(Saved data entries)
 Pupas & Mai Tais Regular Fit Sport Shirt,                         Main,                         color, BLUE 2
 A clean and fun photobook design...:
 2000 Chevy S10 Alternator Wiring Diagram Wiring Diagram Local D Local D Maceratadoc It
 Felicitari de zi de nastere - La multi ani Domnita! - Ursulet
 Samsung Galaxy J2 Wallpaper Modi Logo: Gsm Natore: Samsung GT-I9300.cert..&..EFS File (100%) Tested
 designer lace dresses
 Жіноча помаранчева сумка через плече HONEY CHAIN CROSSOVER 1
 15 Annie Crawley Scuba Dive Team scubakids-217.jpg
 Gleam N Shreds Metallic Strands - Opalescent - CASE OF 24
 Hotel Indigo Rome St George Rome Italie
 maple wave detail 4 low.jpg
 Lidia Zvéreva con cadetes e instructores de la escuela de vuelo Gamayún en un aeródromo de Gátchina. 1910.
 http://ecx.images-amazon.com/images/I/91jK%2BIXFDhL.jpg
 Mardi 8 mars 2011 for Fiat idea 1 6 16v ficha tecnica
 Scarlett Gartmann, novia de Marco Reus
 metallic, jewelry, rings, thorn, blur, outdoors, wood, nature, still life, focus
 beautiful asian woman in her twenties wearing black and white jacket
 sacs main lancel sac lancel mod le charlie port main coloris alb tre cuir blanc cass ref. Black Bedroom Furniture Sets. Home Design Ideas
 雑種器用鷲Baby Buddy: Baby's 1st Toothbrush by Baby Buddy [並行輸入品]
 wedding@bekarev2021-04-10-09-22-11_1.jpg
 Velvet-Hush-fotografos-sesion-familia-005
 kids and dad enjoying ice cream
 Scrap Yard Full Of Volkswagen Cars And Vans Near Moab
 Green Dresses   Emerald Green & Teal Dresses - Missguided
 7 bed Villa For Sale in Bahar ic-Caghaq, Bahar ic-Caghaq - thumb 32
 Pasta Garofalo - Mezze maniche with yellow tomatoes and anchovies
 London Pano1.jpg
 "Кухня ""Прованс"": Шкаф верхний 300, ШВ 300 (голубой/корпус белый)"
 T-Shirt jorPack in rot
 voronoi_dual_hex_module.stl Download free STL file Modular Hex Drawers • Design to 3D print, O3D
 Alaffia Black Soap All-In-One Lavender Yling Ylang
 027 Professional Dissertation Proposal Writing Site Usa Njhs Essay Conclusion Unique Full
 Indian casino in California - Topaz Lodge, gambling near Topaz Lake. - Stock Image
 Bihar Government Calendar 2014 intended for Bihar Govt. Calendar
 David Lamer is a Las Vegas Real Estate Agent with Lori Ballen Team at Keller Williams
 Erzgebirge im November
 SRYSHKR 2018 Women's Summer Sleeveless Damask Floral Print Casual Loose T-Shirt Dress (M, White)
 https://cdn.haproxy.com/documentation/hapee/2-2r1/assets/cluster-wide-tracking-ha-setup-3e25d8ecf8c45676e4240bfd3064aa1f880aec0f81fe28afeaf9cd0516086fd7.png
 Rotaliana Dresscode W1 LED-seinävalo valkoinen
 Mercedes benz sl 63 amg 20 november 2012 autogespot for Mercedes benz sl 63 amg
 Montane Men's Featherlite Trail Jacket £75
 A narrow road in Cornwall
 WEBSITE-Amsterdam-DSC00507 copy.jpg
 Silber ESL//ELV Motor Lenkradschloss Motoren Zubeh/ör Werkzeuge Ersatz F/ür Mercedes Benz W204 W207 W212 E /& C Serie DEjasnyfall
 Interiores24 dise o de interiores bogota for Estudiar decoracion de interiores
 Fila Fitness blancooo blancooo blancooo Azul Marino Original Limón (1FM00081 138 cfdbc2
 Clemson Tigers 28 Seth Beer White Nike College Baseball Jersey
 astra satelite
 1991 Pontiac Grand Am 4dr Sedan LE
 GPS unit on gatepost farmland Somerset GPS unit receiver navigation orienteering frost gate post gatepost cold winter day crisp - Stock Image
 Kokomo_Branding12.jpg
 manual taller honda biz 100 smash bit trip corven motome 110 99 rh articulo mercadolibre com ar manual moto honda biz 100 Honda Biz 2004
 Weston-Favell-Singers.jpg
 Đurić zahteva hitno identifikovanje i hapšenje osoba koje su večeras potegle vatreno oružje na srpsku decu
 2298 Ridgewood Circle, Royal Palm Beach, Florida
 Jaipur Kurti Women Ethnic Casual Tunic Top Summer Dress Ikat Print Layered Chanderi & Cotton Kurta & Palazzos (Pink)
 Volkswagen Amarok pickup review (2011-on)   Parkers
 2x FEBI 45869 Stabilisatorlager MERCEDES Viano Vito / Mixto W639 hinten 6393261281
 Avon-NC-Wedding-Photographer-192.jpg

PROBLEM TO WORK ON →
Give back exactly the lines from the one containing "Montane Men's Featherlite Trail Jacket £75" through the last line of the records.

TASK ANSWER →
 Montane Men's Featherlite Trail Jacket £75
 A narrow road in Cornwall
 WEBSITE-Amsterdam-DSC00507 copy.jpg
 Silber ESL//ELV Motor Lenkradschloss Motoren Zubeh/ör Werkzeuge Ersatz F/ür Mercedes Benz W204 W207 W212 E /& C Serie DEjasnyfall
 Interiores24 dise o de interiores bogota for Estudiar decoracion de interiores
 Fila Fitness blancooo blancooo blancooo Azul Marino Original Limón (1FM00081 138 cfdbc2
 Clemson Tigers 28 Seth Beer White Nike College Baseball Jersey
 astra satelite
 1991 Pontiac Grand Am 4dr Sedan LE
 GPS unit on gatepost farmland Somerset GPS unit receiver navigation orienteering frost gate post gatepost cold winter day crisp - Stock Image
 Kokomo_Branding12.jpg
 manual taller honda biz 100 smash bit trip corven motome 110 99 rh articulo mercadolibre com ar manual moto honda biz 100 Honda Biz 2004
 Weston-Favell-Singers.jpg
 Đurić zahteva hitno identifikovanje i hapšenje osoba koje su večeras potegle vatreno oružje na srpsku decu
 2298 Ridgewood Circle, Royal Palm Beach, Florida
 Jaipur Kurti Women Ethnic Casual Tunic Top Summer Dress Ikat Print Layered Chanderi & Cotton Kurta & Palazzos (Pink)
 Volkswagen Amarok pickup review (2011-on)   Parkers
 2x FEBI 45869 Stabilisatorlager MERCEDES Viano Vito / Mixto W639 hinten 6393261281
 Avon-NC-Wedding-Photographer-192.jpg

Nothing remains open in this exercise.